Days From Shutdown Deadline, Congress Races To Pass Temporary Government Funding Bill
House lawmakers have introduced a temporary funding measure to thwart another government shutdown, with hopes to move the legislation to the Senate and the president’s desk before federal agencies run out of money at midnight on Thursday.
The legislative measure, known as a continuing resolution, or CR, will fund the government through Dec. 20. This would mark the second continuing resolution to take effect since the fiscal year began Oct. 1.
The move comes days after the chairs of Senate and House Appropriations committees met with House Speaker Nancy Pelosi, D-Calif. Treasury Secretary Steven Mnuchin also attended the Capitol Hill meeting Thursday, with Sen. Richard Shelby, R-Ala., the chairman of the Senate Appropriations Committee, and Rep. Nita Lowey, D-N.Y., chairwoman of the House Appropriations Committee.
“With a government shutdown deadline just days away, this continuing resolution is necessary to keep government open as we work towards completing the appropriations process,” Lowey said in a written statement Monday after introducing the bill. She said in addition to a funding extension for agencies, the bill also includes a 3.1% pay raise for the military and funding to support the 2020 census.
On Sept. 27, President Trump signed a short-term spending bill that extended funding for government agencies at 2019 levels until Nov. 21. The measure included some “anomalies,” or additional spending, for special programs such as the 2020 census.
Lawmakers had signed on to the temporary funding plan with hopes they could work out a permanent deal for the 2020 fiscal year by this week. However, the spending talks have been derailed by fights over border wall funding and the impeachment inquiry launched by House Democrats in late September.
The House is expected to pass the bill on Tuesday and send it to the Senate for approval in time to vote on it before the midnight Thursday deadline.
Some Democrats, such as Senate Minority Leader Chuck Schumer of New York, have suggested that Trump may refuse to sign the measure over the impeachment probe, which centers on claims that the president withheld nearly $400 million in U.S. assistance from Ukraine in exchange for political investigations.
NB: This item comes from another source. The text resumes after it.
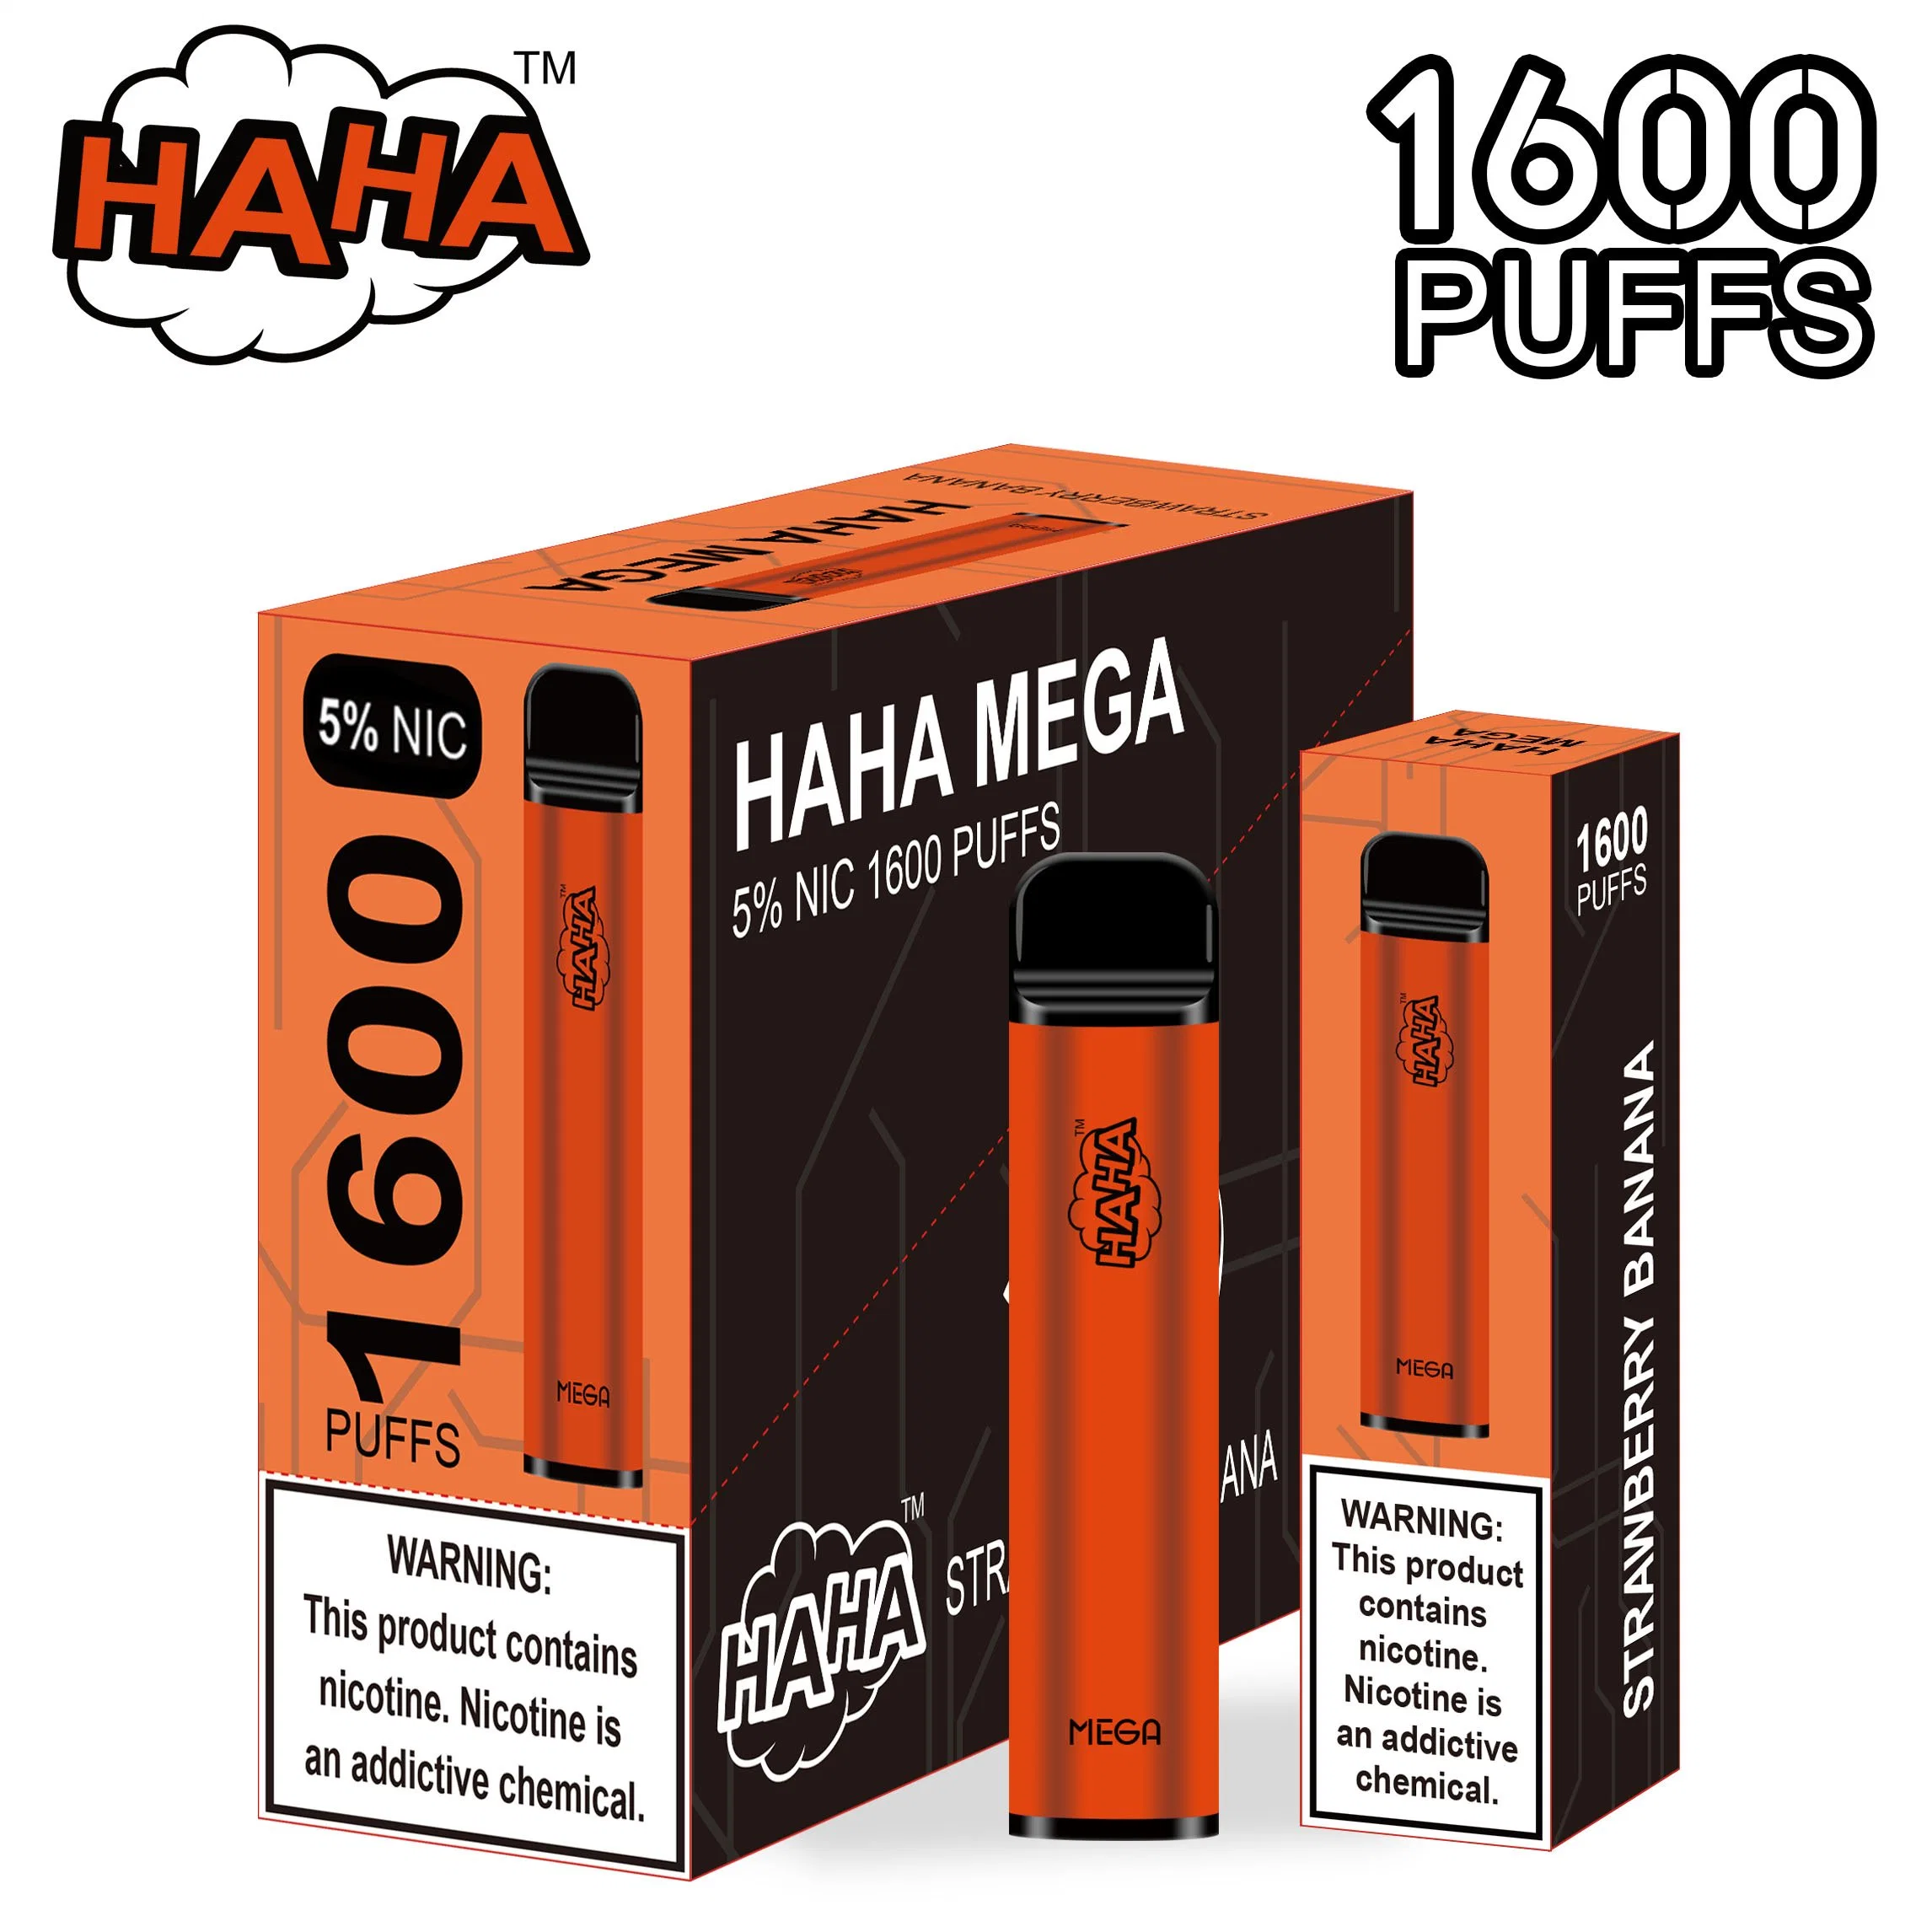 Aokit 1600 مأكس Haha ميجا التدخين Vape يمكن التخلص منه السجائر المصنعة للمعدات الأصلية متوفر
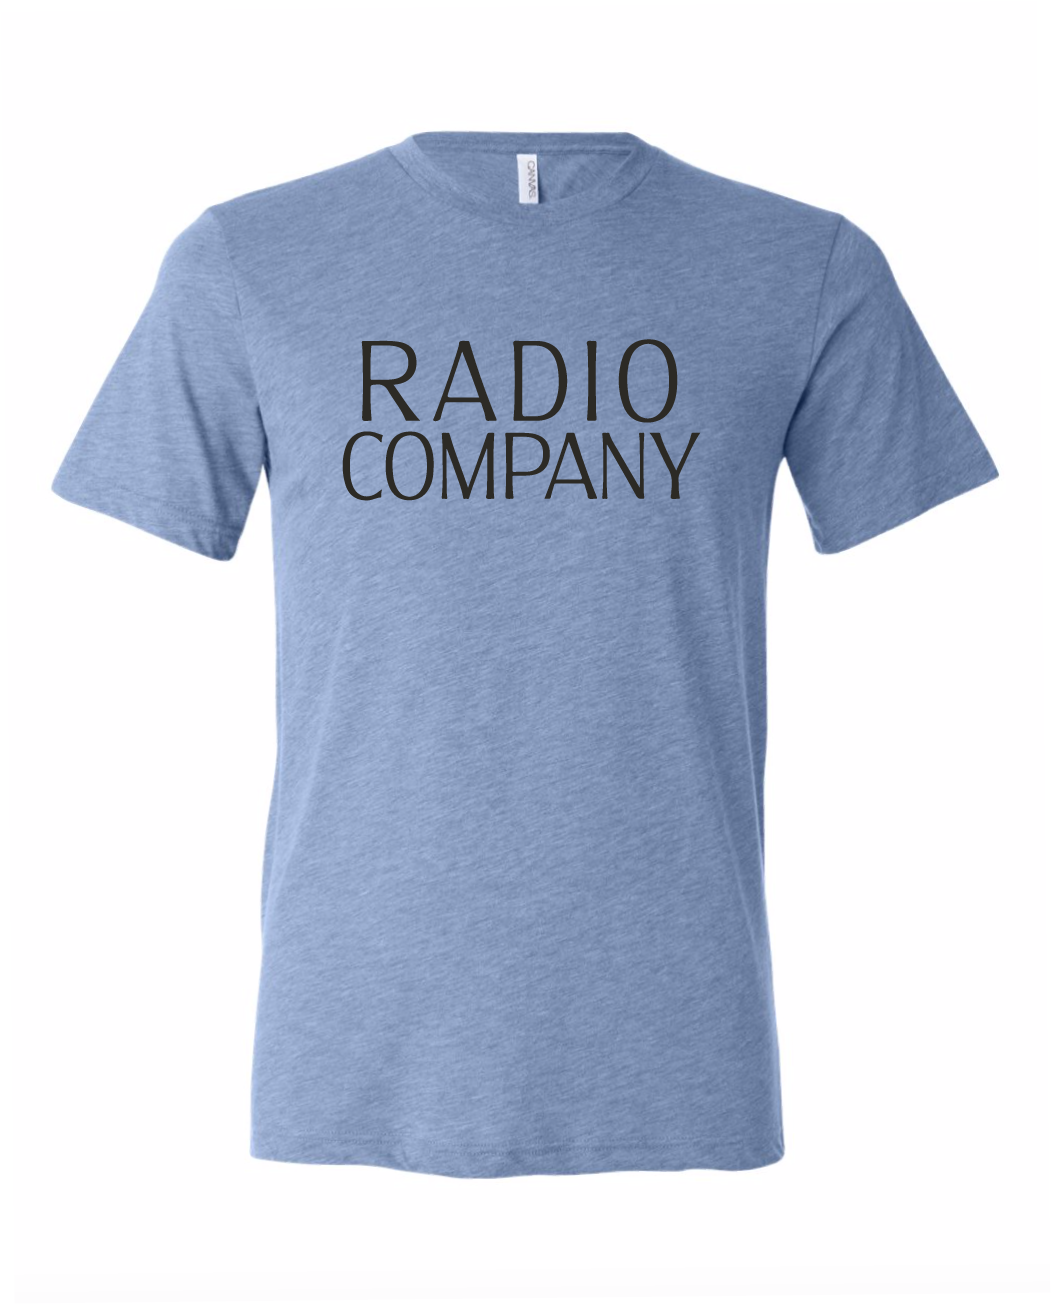 Radio Company Blue Tee

However, some Republicans have dismissed the suggestion.
Rep. Mike Simpson, R-Idaho, a member of the House Appropriations Committee, said the continuing resolution should win Trump’s support. Simpson said that while the measure could also include a new round of anomalies, it should remain uncontroversial.
“Of course I think shutdowns are always a bad idea,” he said. But “it would be a bad idea for the president to not accept this,” he added. “It’s just a straight CR until the 20th.”
Still, appropriators remain unsure about whether they’ll be able to reach permanent 2020 spending deals on a dozen budget plans by Dec. 20. Some are already suggesting that additional continuing resolutions may be needed.
Last year, a breakdown in talks over funding for Trump’s border wall led to a 35-day government shutdown — the longest in U.S. history.